Oh Christ he knows something. Ned’s a lot of things but he’s sharp as a fucking nanotube hypodermic. I am about to get pricked.
“I notice you’re out of uniform,” he says. He looks down meaningfully at my attire. “Not wearing a hat would get you a verbal warning back when I was 801.” Last year Ned was running Student Patrol as the senior officer. He knew the campus better than anyone.
“I’m a little surprised,” he said. “I mean you took your lunch break at midnight and then 20 minutes later some girl out for a run hears laughing from inside the gym. Apparently some people were doing a little skinny dipping.”
“Guess that’s what all the fuss was about. I was over at Wood at the time.”
“I bet,” Ned smiled. “So imagine my surprise as I was looking around the pool when I found this.” My hat appears and lands at my feet. I stare at it for a long time not daring to pick it up. It isn’t personalized or anything but I am the only one working tonight. Circumstantial or not this is a damning bit of evidence.
“Interesting,” I say. Ned and I lock eyes for a moment. He’s smiling but he’s always been hard to read. Anger and happiness have exactly the same precursor expressions.
“You need to get some better hair gel,” he says finally. “Makes it look like your hair is wet.” I don’t say anything or move a muscle. I have just been busted open like a condom full of nitro. Yet no handcuffs or Miranda rights seem to be forth coming.
“You have a good night, Seth.” Ned saunters off looking like ten times as much of a badass as I could hope to be. “Hope you had fun with your girl,” he fires over his shoulder.

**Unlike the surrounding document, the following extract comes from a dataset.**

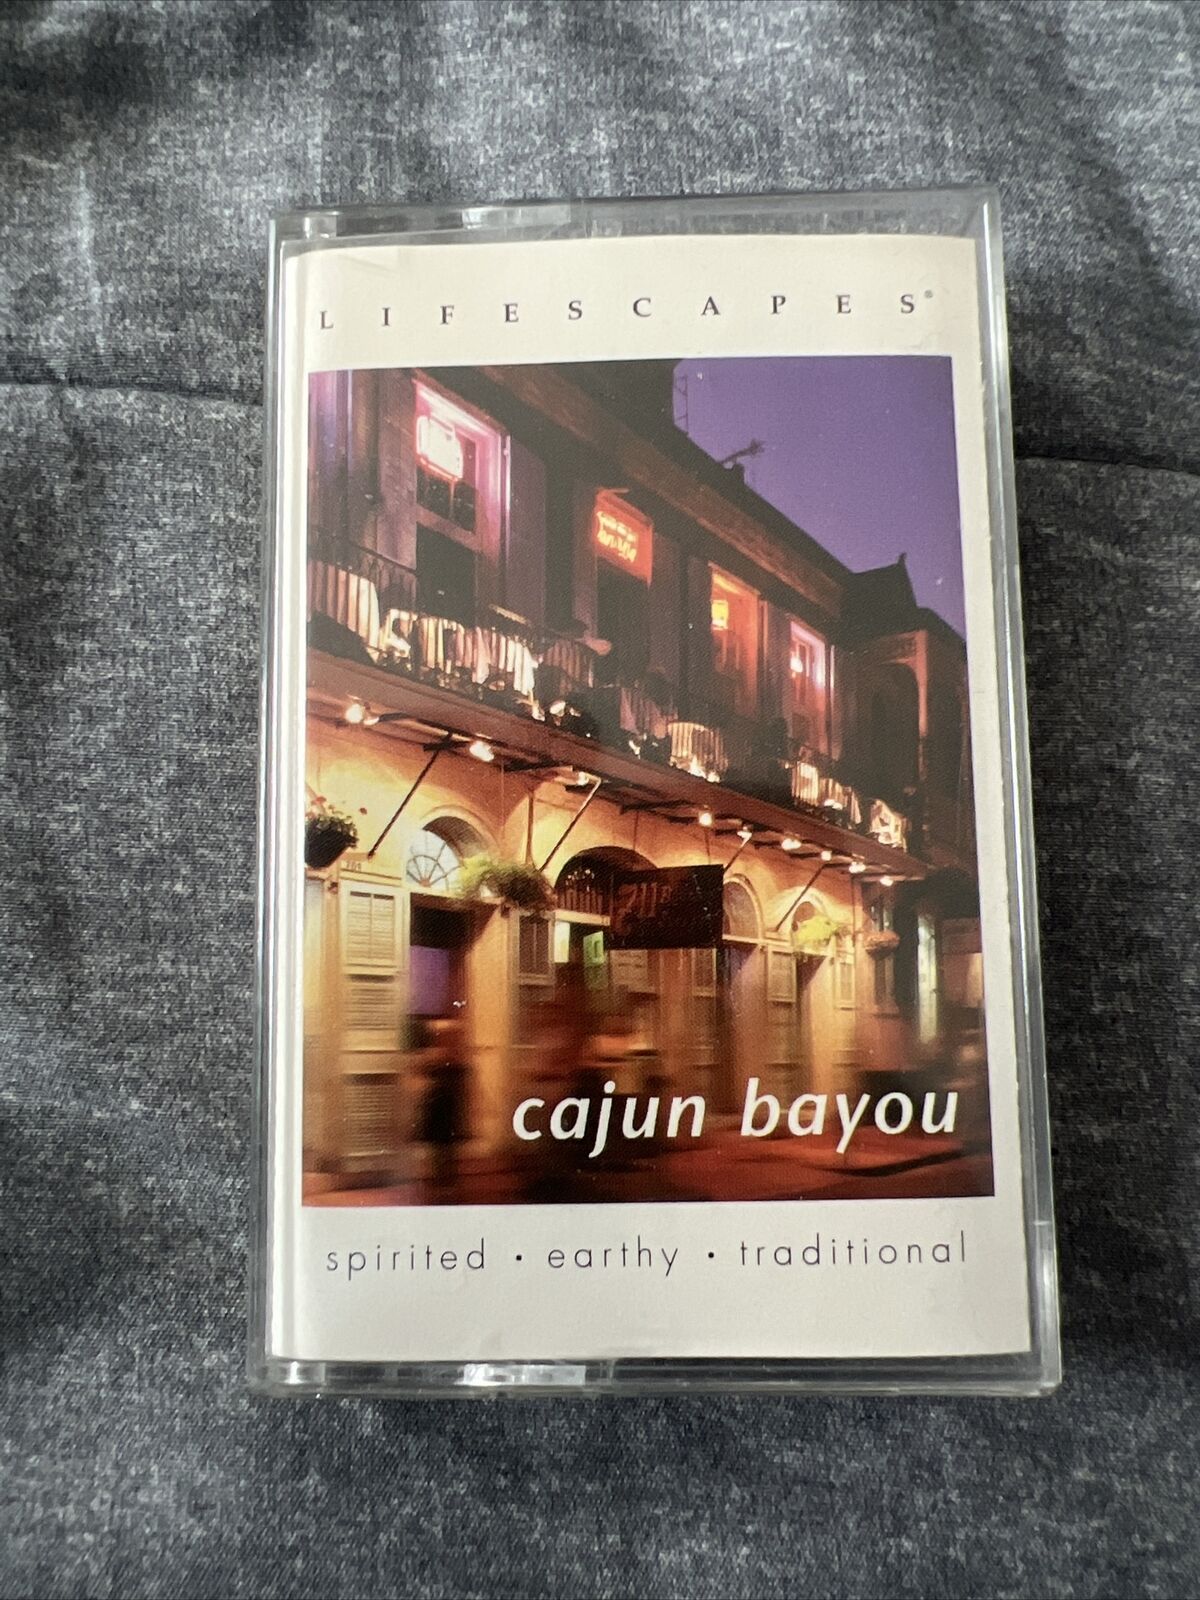 CAJUN BAYOU TRADITIONAL BALLADS BY LIFESCAPE ON CASSETTE.

“She’s just a friend,” I whisper. Ned’s too far away to hear my reply or the scrape of my hat on brick. I still have two hours to kill before the end of my shift and already my mind is racing. Of course I dwell on Jackie for a bit and what she said about soul mates and how that’s one thing we really get to choose on our own.
So of course my mind turns to Natalie, the latest in an endless iteration of self-inflicted torments. While Jackie’s just left my life at least she did so on good terms and I never doubted the outcome. With Natalie it was always different, some false hope refused to die no matter how many fights, no matter how many bad or brazen outcomes. There was torment in not knowing, and refusing to settle things by just letting her go.
Perhaps things would have turned out differently if I knew then I had only wait another two years before my soulmate returned to me.